I recently bought a '86 M1009 CUCV with 80K miles. I've put 4K miles on it and the engine seems strong (nearly everything bolted to the engine has broke). It would put out a little white smoke on a cold start but other than that the exhaust has always been clean.

The injection pump is the latest thing to go. Noticed a power loss that got progressively worse. I was 20 miles from home and by the time I got there I had the throttle on the floor and could barely make 25 mph on the flat.

Found the check valve between the fuel return line and the I.P. was plugged with some black fiberous crud. Seems to indicate the non-metallic washer in the I.P. is falling apart.

So a reconditioned I.P. and new injectors are next.

I cleaned the check valve to see if it would start and run - it did. However it smoked like crazy...smoke with a definite blue tinge.

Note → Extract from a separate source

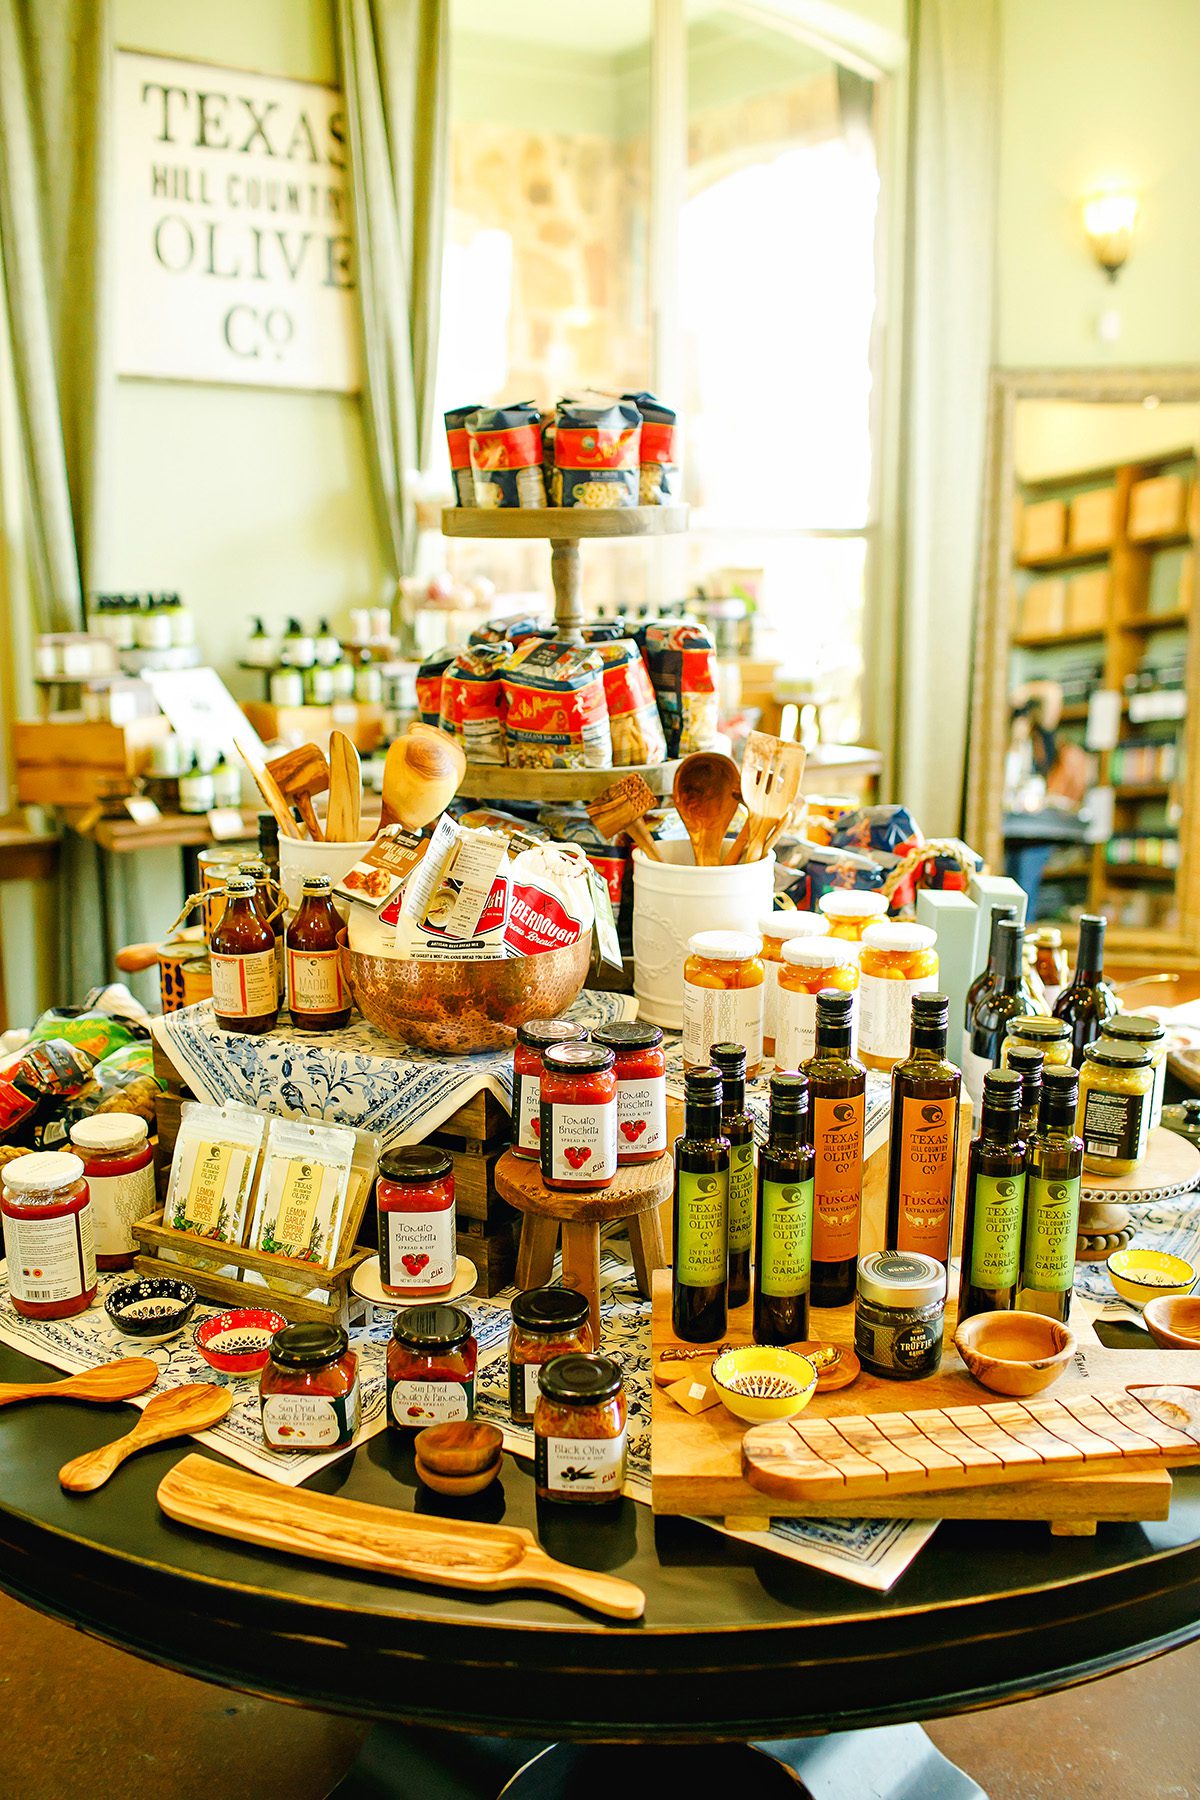 Texas Hill Country Olive Company, Texas Hill Country Olive Oil, Lauren Loves Dripping Springs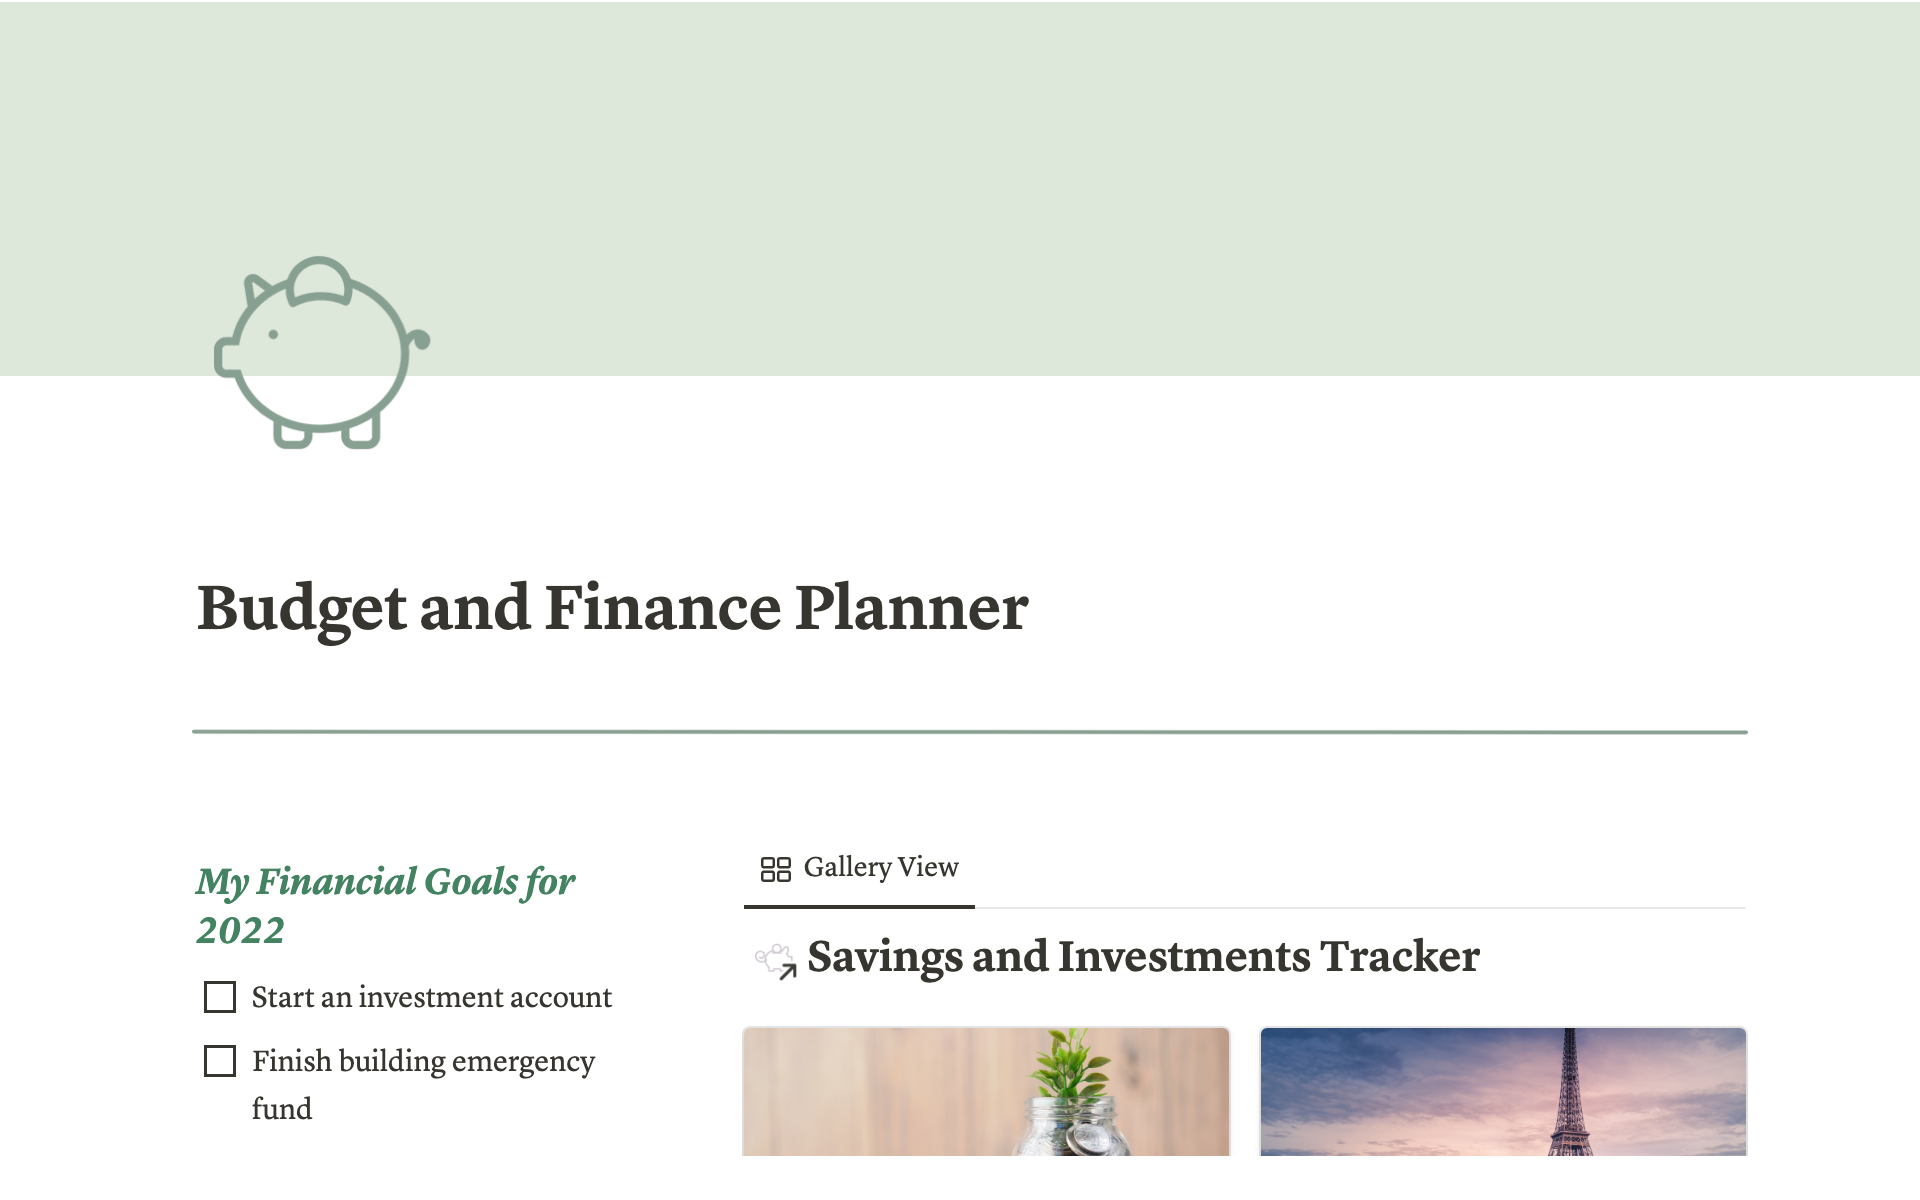 Manage and control where your money goes with this fully automated budget and finance planner.

I had not checked/cleaned the CDR valve before this. The CDR valve and line had maybe an ounce of oil in them. Cleaned that out and it still pukes whitish/bluish smoke on start-up and while idling.

Question: Could running this thing 20 miles while starved for fuel have done anything to the engine to cause oil burning?

I'm hoping the injectors are plugged up with the same crud and the smoke is just a lot of unburned fuel.

Regards

Jim

DmaxMaverick
02-16-2011, 15:20
You can't "starve" a Diesel engine of fuel. Less fuel = less power. Period. And, you can't hurt the engine from too little fuel. It sounds like the pump has left you, and probably the injectors. Not likely a CDR problem, but replace it if it makes you feel better. They rarely fail, and when they do, the symptoms are counterintuitive. If you are unable to get under power at higher RPM's, the CDR is doing nothing. That's how it works, normally. At lower RPM's, it's just an open gate, and won't stop, or slow down, any blowby. It closes at higher RPM's to prevent excess crankcase vapor from being sucked into the intake. A bad pump can, and does, cause blue/black smoke under several conditions.

NMC_EXP
02-16-2011, 15:57
A bad pump can, and does, cause blue/black smoke under several conditions.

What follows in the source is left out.